Artículo a publicar el próximo miércoles en El Periódico de Aragón
Cercano está el día en que nuestros hijos no contarán ya a
sus nietos el cuento de Caperucita Roja o el de Garbancito, sino otros cuentos
aún más fantasiosos: por ejemplo, que en tiempos y países lejanos había un
servicio de sanidad que atendía, operaba y medicaba gratuitamente a todos los
habitantes de Hispanolandia, que todos podían ir a la escuela y la universidad
por el hecho de ser ciudadano y sin tener que ser millonario o que hubo un
tiempo en que la gente se preocupaba por algo más que por las personas y las
cosas que estaban a más de dos metros de sus narices. Los nietos de nuestros
hijos moverán entonces sus cabezas con incredulidad y se preguntarán si sus
abuelos les están tomando el pelo al contarles unas historias tan
inverosímiles.
Los nietos de nuestros hijos estudiarán en sus soportes
informáticos de Historia que en la primera década del siglo XXI se esfumó la
Sociedad del Bienestar en el continente europeo desarrollado (en dos tercios
del planeta morían a millones de hambre y de miseria, y dos tercios de la
humanidad padecían hambre crónica y muerte cercana). Conocerán también, aunque
maquillado con esmero, que cien años de lucha obrera habían conseguido unos
servicios sociales para toda la ciudadanía, atendida por la sanidad pública
desde que abría los ojos al mundo hasta la administración de los últimos
cuidados paliativos, e instruida obligatoriamente desde los cinco a, como
mínimo, los dieciséis años. Estudiarán también que por aquel entonces se
hablaba de derechos cívicos, y que los trabajadores, las mujeres y los
desempleados reclamaban sus derechos fundamentales, al igual que se
reivindicaba el derecho a una vivienda digna o las personas minusválidas
exigían que el dinero público se destinara también a la eliminación de barreras
arquitectónicas o las personas que llegaban al atardecer de sus vidas
reclamaban unas pensiones dignas.
Pero hubo una gran crisis económica que borró de la faz de
la tierra ese Estado de bienestar y lo que en pleno siglo XX recibía en Europa
el nombre de socialdemocracia. La gente de inicios de siglo XXI se tragó cosas
tan inverosímiles como que la culpa la tenían los propios países afectados o
que todo se debía a abstractos “ataques especulativos”, si bien nadie parecía
interesado en saber o dar a conocer de dónde provenían dichos ataques y quiénes
eran realmente esos atacantes presuntamente anónimos. La sala de máquinas de
aquella involución recibía el nombre de “mercado” y el resultado final fue que
los ricos de toda la vida no se enteraron de aquella fractura social y de la
quiebra de unos niveles socioeconómicos comunes relativamente dignos, pues
ellos cada vez eran más ricos. Al mismo tiempo, las filas de la precariedad se
hicieron cada vez más grandes y aumentó sobremanera el número de los pobres de
solemnidad. Pero eso a los ricos no les importaba: tenían sus colegios y
universidades privadas y cuando les dolía algo cruzaban el océano para ser
cuidados en clínicas privadas de última generación.

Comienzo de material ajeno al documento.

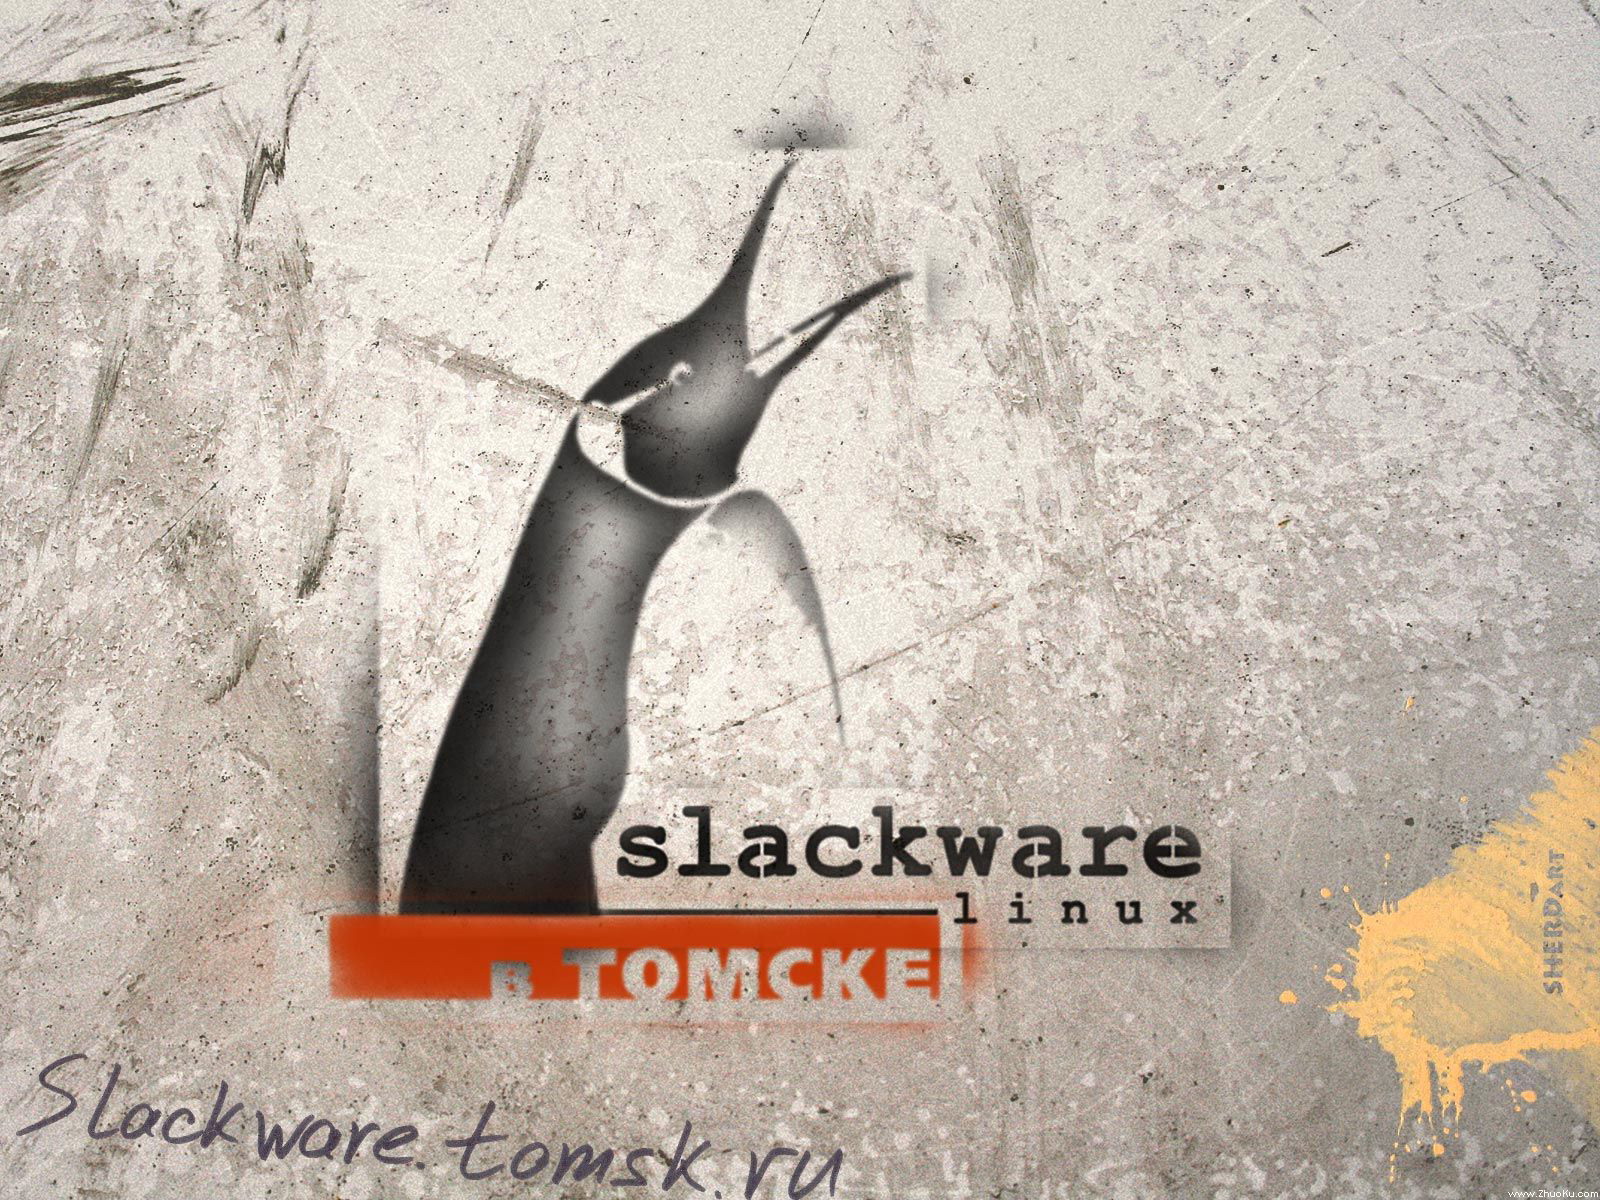 壁纸1600x1200Slackware Linux 1024 768 1280 1024 1600 1200 壁纸76壁纸 Slackware壁纸 Slackware图片 Slackware素材 系统壁纸 系统图库 系统图片素材桌面壁纸

Entretanto, los gobiernos de los países esquilmados eran tan
imbéciles que sus gobernantes cumplían obedientemente lo que unos organismos
internacionales (en realidad, tan en las manos de los especuladores como la
propia ONU) les dictaban que hicieran: menguar plantillas, bajar las pensiones,
reducir los sueldos, flexibilizar la contratación laboral, esquilmar el coste
del despido, aumentar los impuestos sobre la renta, inyectar fondos públicos en
empresas financieras privadas con problemas. A eso, eufemísticamente, se lo
llamaba “hacer los deberes”. En realidad, los “atacantes” (fondos privados,
especuladores, bancos de inversión) habían montado aquel enorme guirigay
económico en todo el mundo para seguir
siendo enormemente ricos y poderosos, continuar teniendo la sartén por el mango
y debilitar las ya escasas fuerzas de quienes aún osaren oponerse y protestar.
Los atacantes especuladores utilizaron impunemente ese pozo negro denominado
“mercado” para conseguir sus objetivos e impusieron las reglas de ese mismo
mercado para que las economías domésticas quedaran saneadas a su gusto y en su
propio beneficio. Sin embargo, pocos parecían por aquel entonces indignados,
cabreados o con voluntad de pedir a alguien algún libro de reclamaciones. Se
encerraron en sus casas, encendieron sus televisores para ver el derbi
futbolístico del siglo y se hizo definitivamente de noche en el mundo.
Lo que los nietos de mis hijos no sabrán nunca es que hace unos días
recibí por Facebook (una hiperantigualla antediluviana para ellos) un mensaje
verdaderamente esclarecedor: “Ayer, en los poco minutos que veo televisión, me
llamó la atención la opinión de una estudiante: ’por supuesto que en España hay
problemas, pero yo vivo aislada en mi burbuja’. Qué bien han sabido
hacerlo..." Y efectivamente, lo están
haciendo de maravilla. Si el Informe Pisa evaluara el espíritu crítico y el
talante combativo del alumnado y de la ciudadanía de nuestro país, obtendríamos
un enorme suspenso o una matrícula de honor (según quién fuera el examinador).
Y colorín colorado.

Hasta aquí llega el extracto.